In some cases Poisson distribution can serve as an approximation to binomial one.

Theorem (Poisson)

Let \(\xi \sim \mathrm{Bin}(n, p_n)\) and \(\lim\limits_{n \to \infty} np_n = \lambda > 0\). Then

\[ \lim\limits_{n \to \infty} \mathbb{P}(\xi = k) = e^{-\lambda} \frac{\lambda^k}{k!}, \quad k \in \mathbb N \cup \{0\} \]

In other words,

\[ \mathrm{Bin}(n, p_n) \stackrel{D}{\to} \mathrm{Pois}(\lambda) \text { if } np_n \to \lambda. \]

Continuous distributions#

The support \(\Omega\) of a continuous random variable \(\xi\) is usually a subset of \(\mathbb R\). In this case \(\xi\) is specified by its probability density function (pdf) \(p_\xi(x)\) such that

\[ \quad \mathbb P(\xi \in [a, b]) = \int\limits_a^b p_\xi(x)\, dx. \]
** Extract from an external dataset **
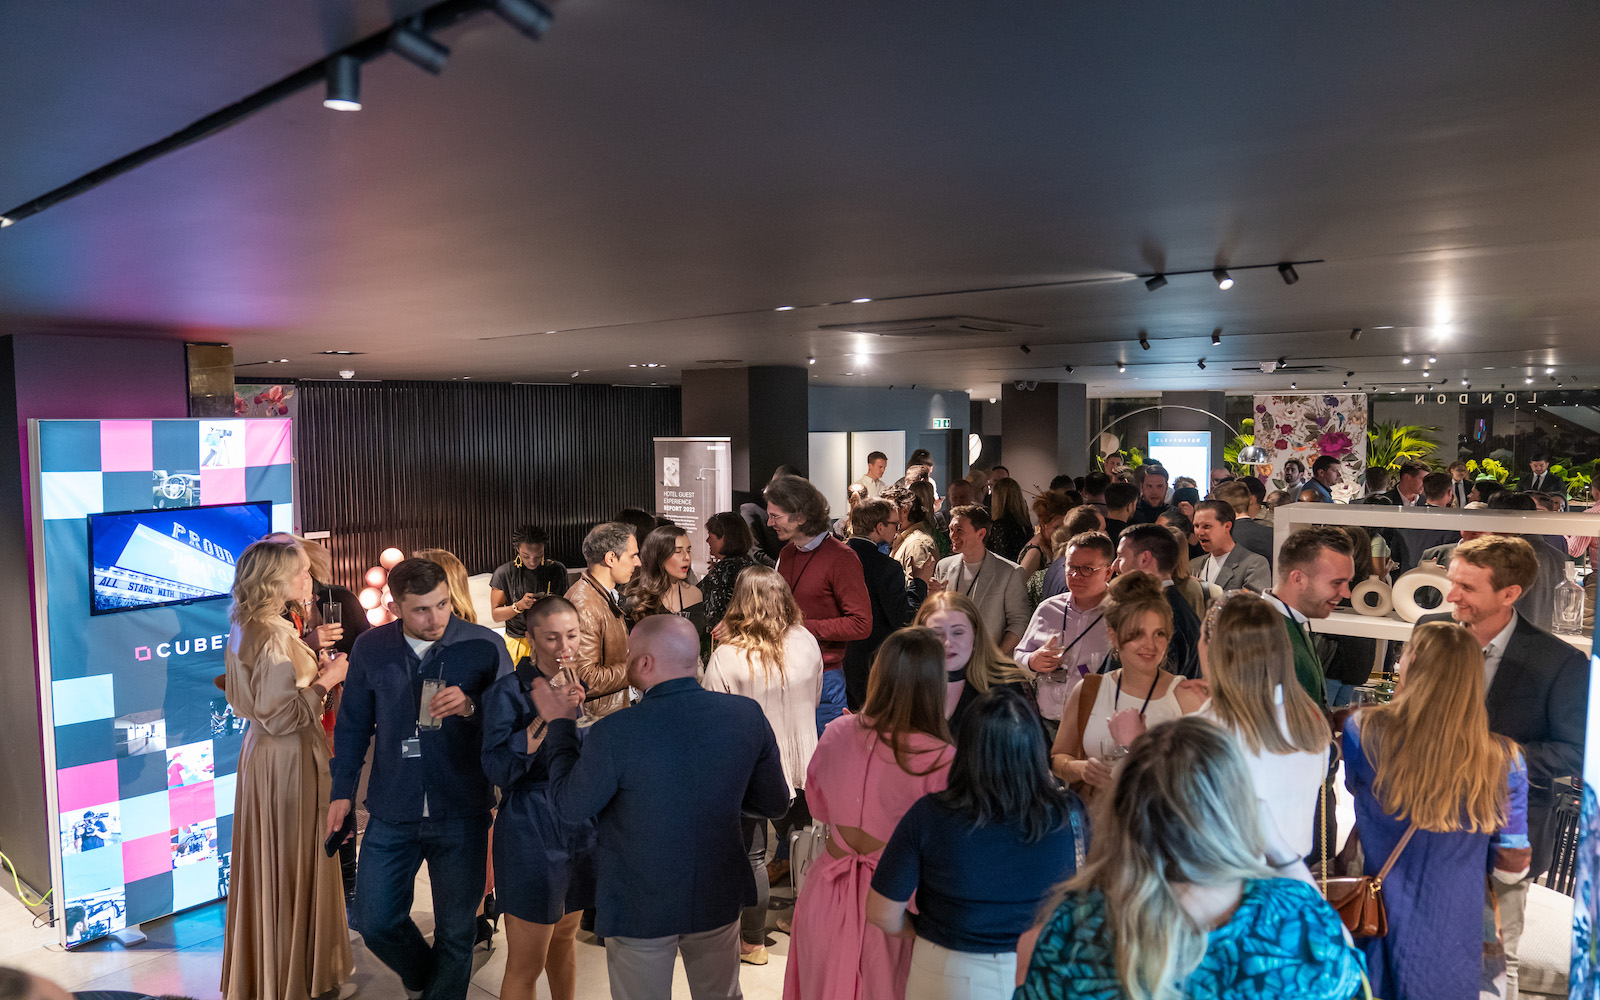 Crowd at Minotti London for MEET UP London 2022
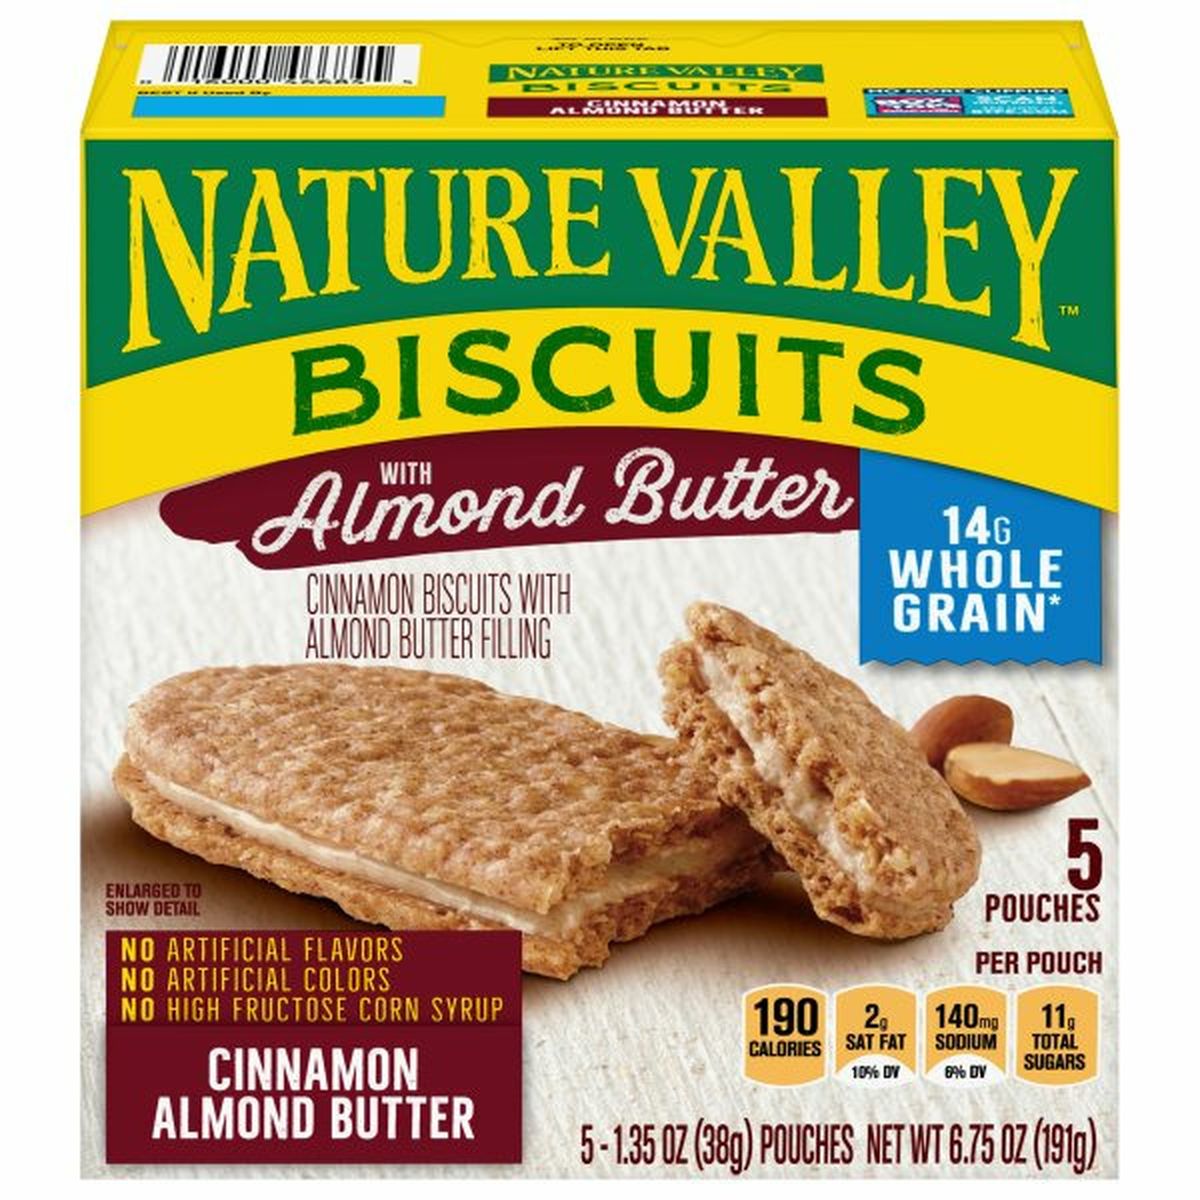 Calories in Nature Valley Biscuits, Cinnamon Almond Butter

Any pdf must be nonnegative and \(\int\limits_{-\infty}^\infty p_\xi(x)\, dx = 1\). Also,

\[ F_\xi(x) = \mathbb P(\xi \leqslant x) = \int\limits_{-\infty}^x p_\xi(t)\,dt, \]

and, consequently, the derivative of cdf is equal to pdf: \(F_\xi'(x) = p_\xi(x)\).

Measures of central tendency#

Let \(\xi\) be a continuous random variable whose pdf is \(p_\xi(x)\).

Expectation (mean) of \(\xi\) is

\[ \mathbb E\xi = \int\limits_{-\infty}^{\infty} xp_\xi(x)\,dx \]

Variance of \(\xi\) is

\[ \mathbb V\xi = \mathbb E\big(\xi - \mathbb E\xi\big)^2 = \mathbb E\xi^2 - (\mathbb E\xi)^2 = \int\limits_{-\infty}^{\infty} x^2p_\xi(x)\,dx - \Big(\int\limits_{-\infty}^{\infty} xp_\xi(x)\,dx\Big)^2. \]

Standard deviation is equal to the square root of variance: \(\mathrm{sd}(\xi) = \sqrt{\mathbb V\xi}\).

Median of \(\xi\) is defined as such number \(m\) for which \(F_\xi(x) = \frac 12\).

Mode of \(\xi\) is the point of maximum of its pdf:

\[ \mathrm{mode}(\xi) = \underset{k}{\operatorname{argmax}} p_\xi(x). \]

Uniform distribution#

Uniform random variable has constant pdf: \(\xi \sim U[a, b]\) if

\[\begin{split} p_\xi(x) = \frac {\mathbb I(a\leqslant x \leqslant b)}{b-a} = \begin{cases} \frac 1{b-a},& x\in[a, b],\\ 0, & x \notin [a, b]. \end{cases} \end{split}\]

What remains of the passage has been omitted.